Yeah, when I was getting quotes last year, one contractor told me not to bother with driveway seal for the same things you stated.

Then, earlier this year my contractor said to seal in the fall to prevent water getting in, turning into ice and creating cracks.


----------



## Money172375 (Jun 29, 2018)

Tostig said:


> Canoe vs kayak
> Ski vs snowboard
> Driveway seal or no seal
> 
> ...


Sealing is certainly not expensive and yet owners or public roads and parking lots don’t bother with it. that being said, my drive is nearing end of life. No big Chunks loose yet, but you can see it’s beginning to fail. my grass clippings get trapped in the rough driveway and can’t be removed with a broom or blower. if I could find a thick sealer that would “smooth” out some of the texture,I would consider it. Don’t think it’s needed on a new drive.


----------



## Tostig (Nov 18, 2020)

Beaver101 said:


> ^ Did your contractor not give you an after-job care book of expectations? If not, then I wouldn't be surprised he'll be coming for this eye-sore call of "weeds coming around the paving" (aka deemed insignificant to him.)
> 
> ...


Well, it's not as bad as you describe. They were four strands of grass in four different locations along the edge. We had wooden curbs separating the lawn from the old driveway. They were so wrecked after 30 years of driving over them so we removed them and paved over that area (c/w gravel underlay).


----------



## Synergy (Mar 18, 2013)

Sounds like the contractor didn't do proper subbase preparation and cheaped out on the asphalt thickness. This should not happen on a new driver. It's likely going to continue. You may be able to use some sort of edging. It will need to be deep enough to prevent lateral spreading grasses.

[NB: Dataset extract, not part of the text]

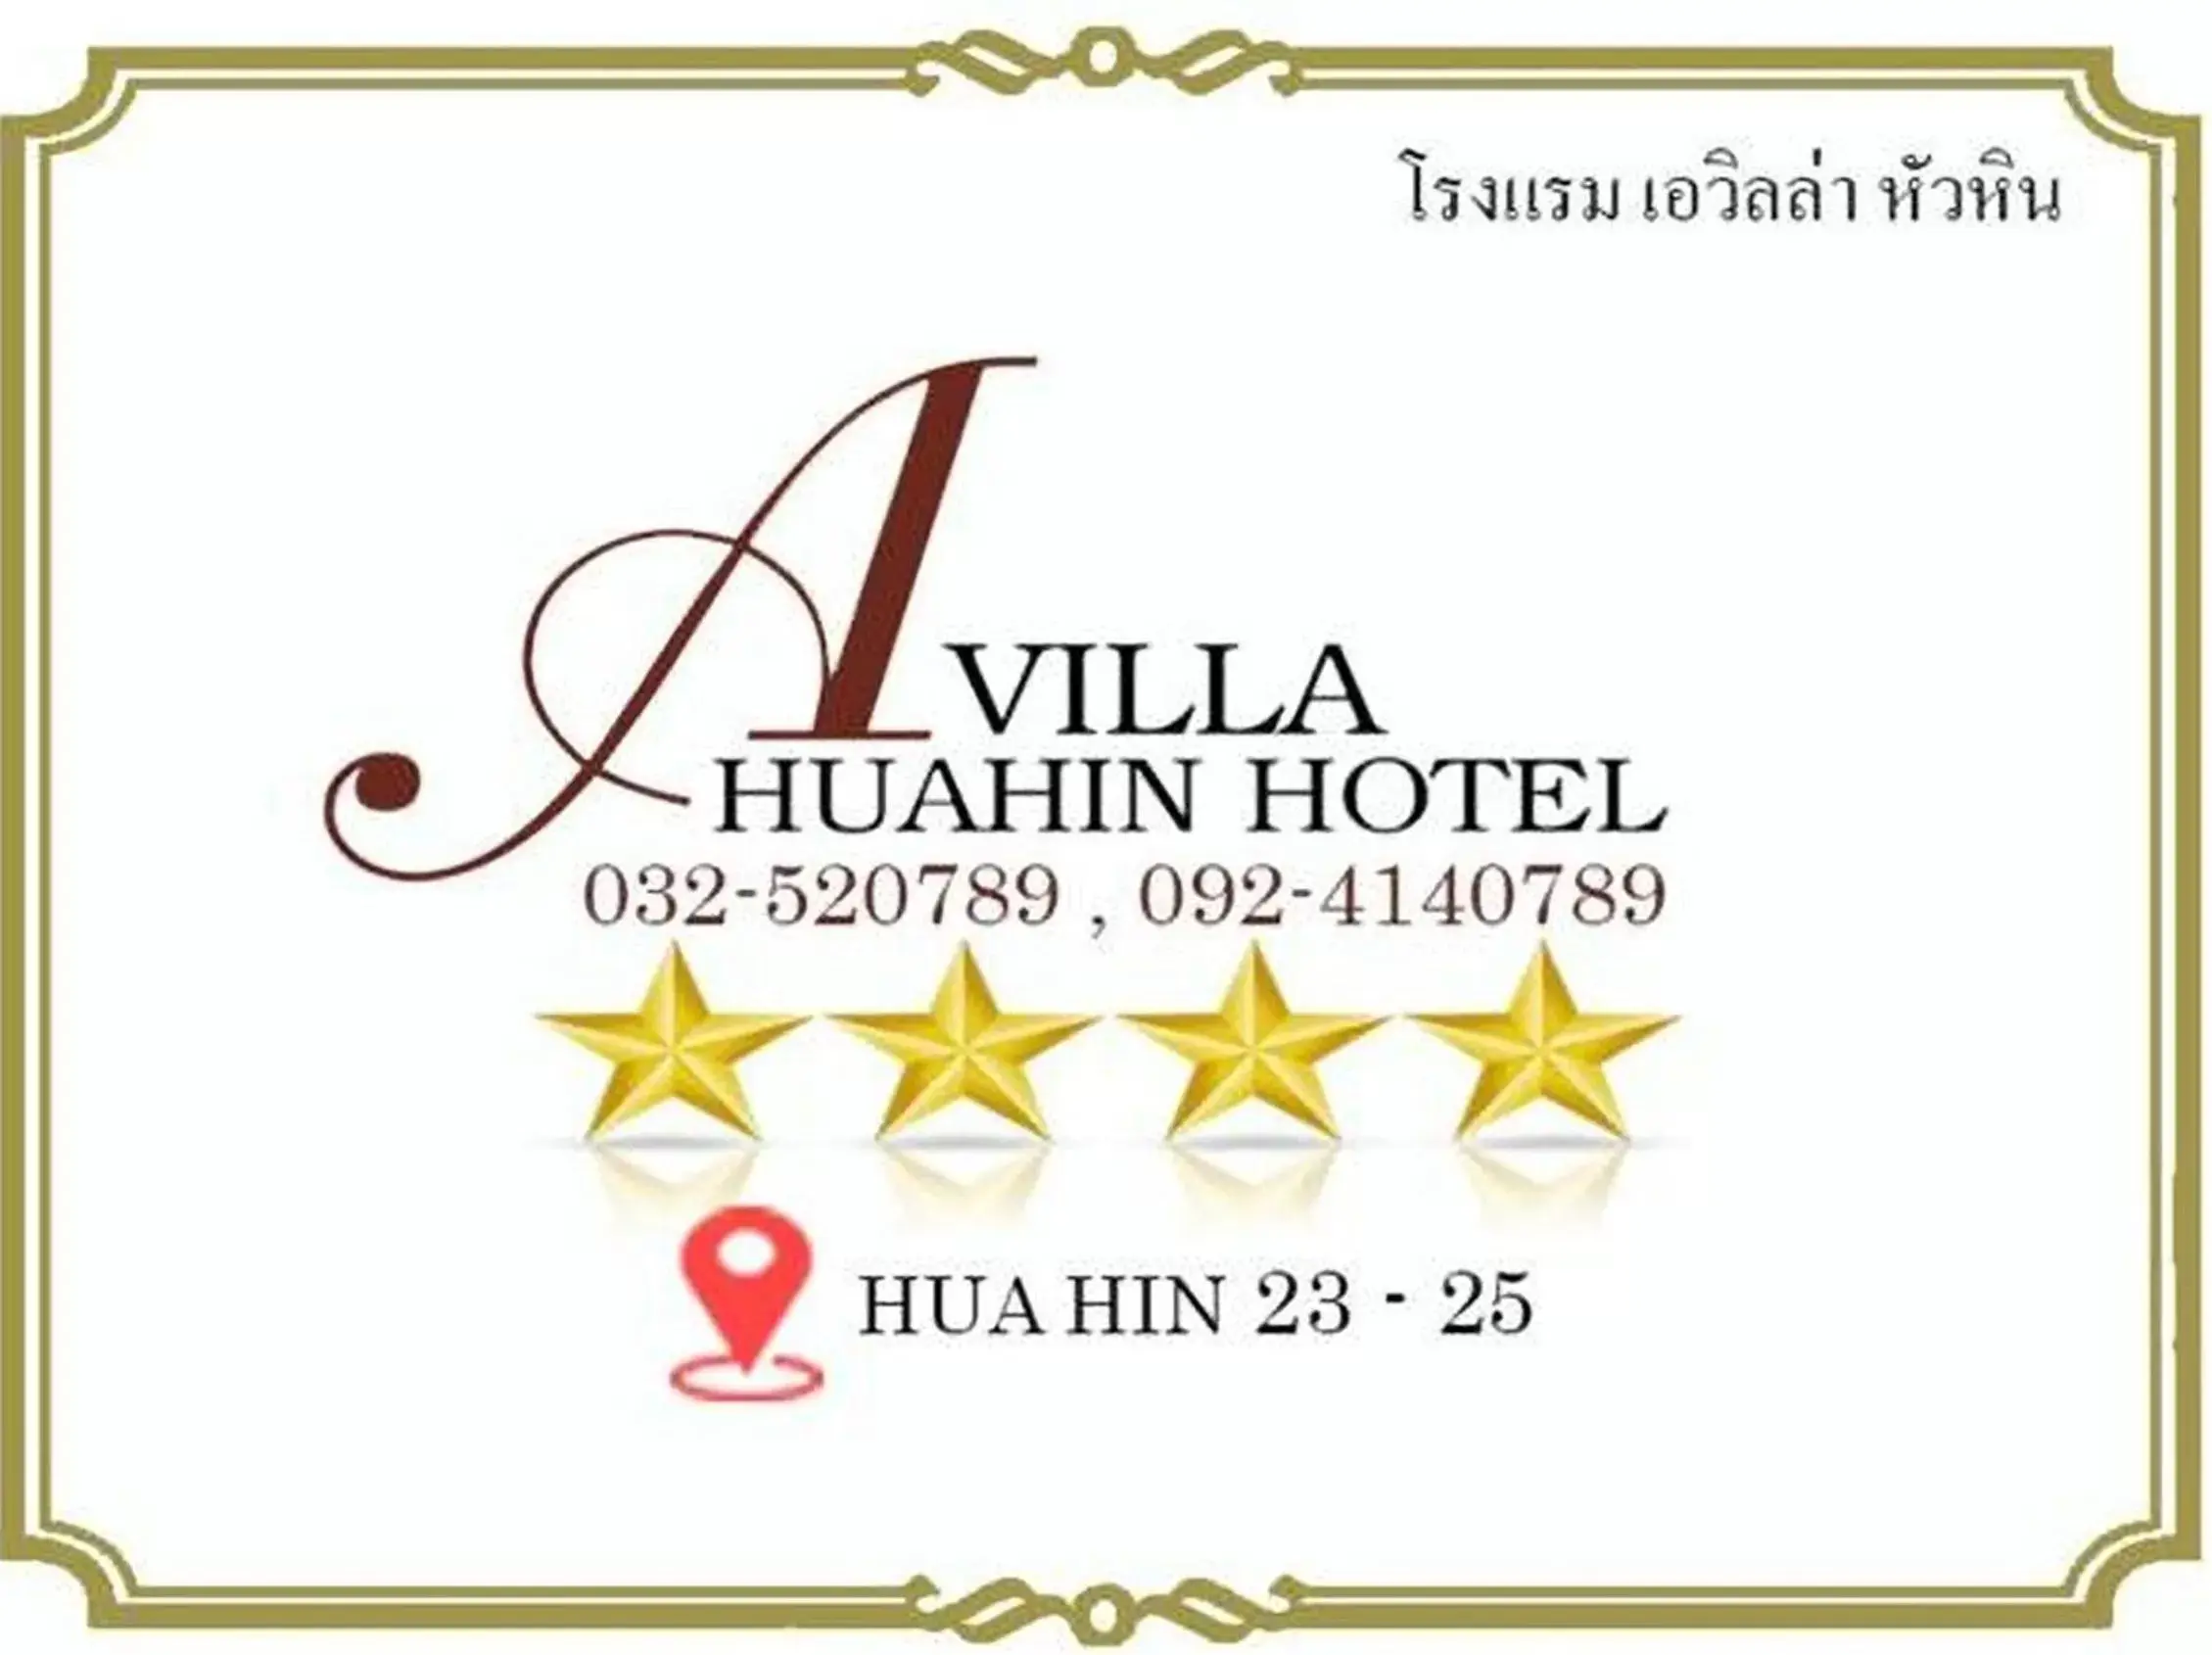 Property logo or sign in A Villa Hua Hin Hotel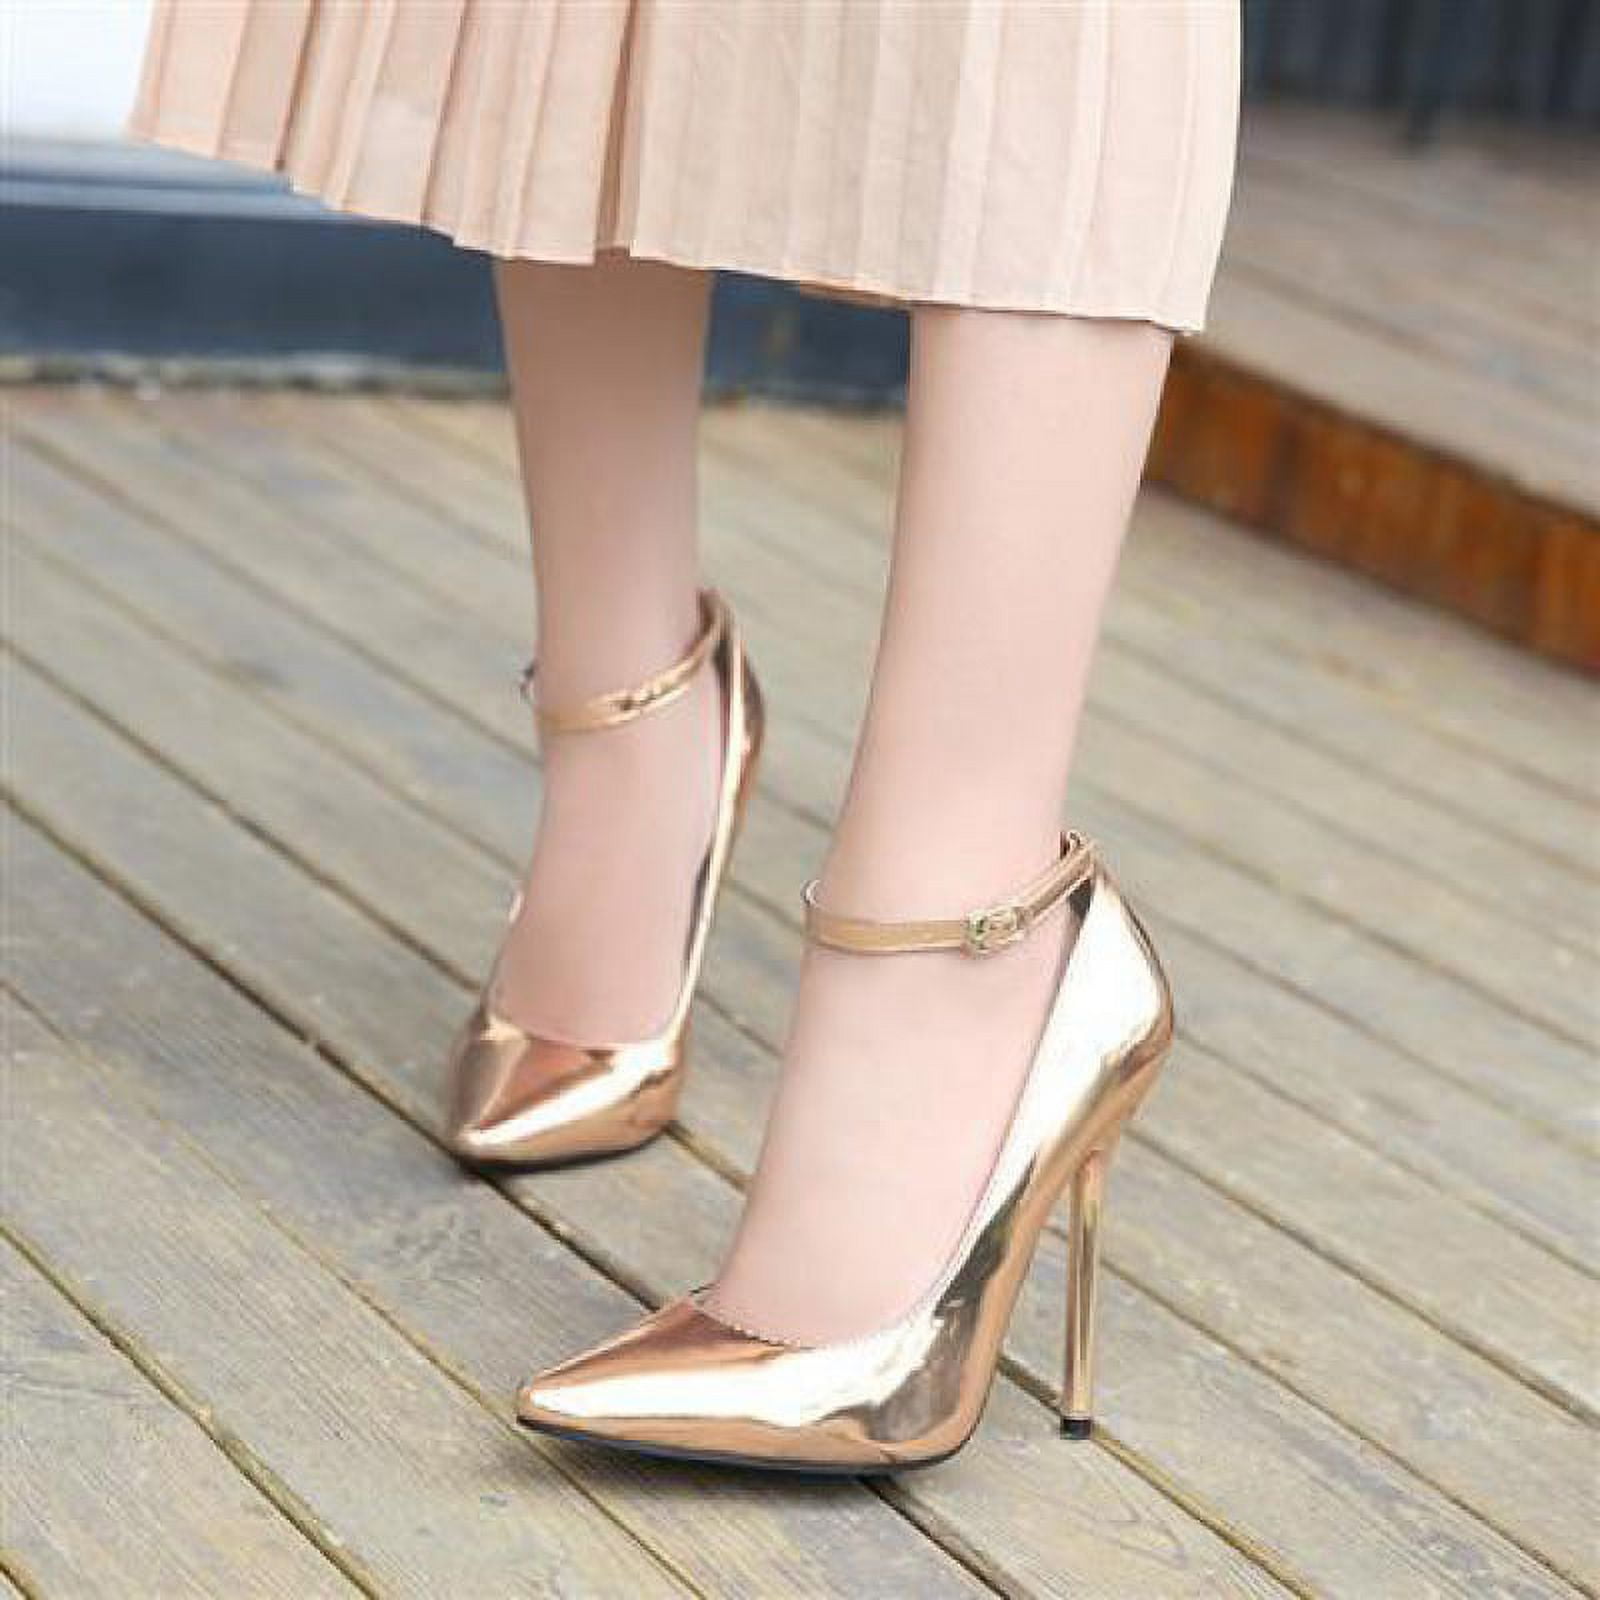 Super-high heels free women, says shoe king Louboutin, Lifestyle News -  AsiaOne

Be thankful you don't have a bed of Lily of the Valley. It will pock through steel!

I fill cracks and seal my driveway every few years.


----------



## bigmoneytalks (Oct 3, 2014)

Synergy said:


> Sounds like the contractor didn't do proper subbase preparation and cheaped out on the asphalt thickness. This should not happen on a new driver. It's likely going to continue. You may be able to use some sort of edging. It will need to be deep enough to prevent lateral spreading grasses.
> 
> Be thankful you don't have a bed of Lily of the Valley. It will pock through steel!
> 
> I fill cracks and seal my driveway every few years.


Bingo. I had the same problem. mine was only 1 inch thick. Must be 2.5-3inches to prevent cracking


----------



## AlwaysMissingTheBoat (8 mo ago)

No experience with proper paving techniques, but I feel compelled to remark on the astounding resilience of nature. Fascinating how grass, dandelions, etc. will sprout up in the most adverse conditions, even when we do our damnedest to make it impossible. Maybe there's a lesson in that for some of us.


----------



## Tostig (Nov 18, 2020)

bigmoneytalks said:


> Bingo. I had the same problem. mine was only 1 inch thick. Must be 2.5-3inches to prevent cracking


We do have 2.5 inches of asphalt. The edges are sloped and bevelled from 2.5in to zero where it meets the lawn. Thar's where the blades of grass is poking through.

In my previous 25 year old driveway, I've had prickly lettuce poke through in the middle right behind where the car was parked. After I killed it with vinegar and pulled it out, I filled up big cavity underneath with loose asphalt filler and packed it down. They haven't grown back.

So if these blades of grass is coming back, I'll take pictures and send them to the contractor.


----------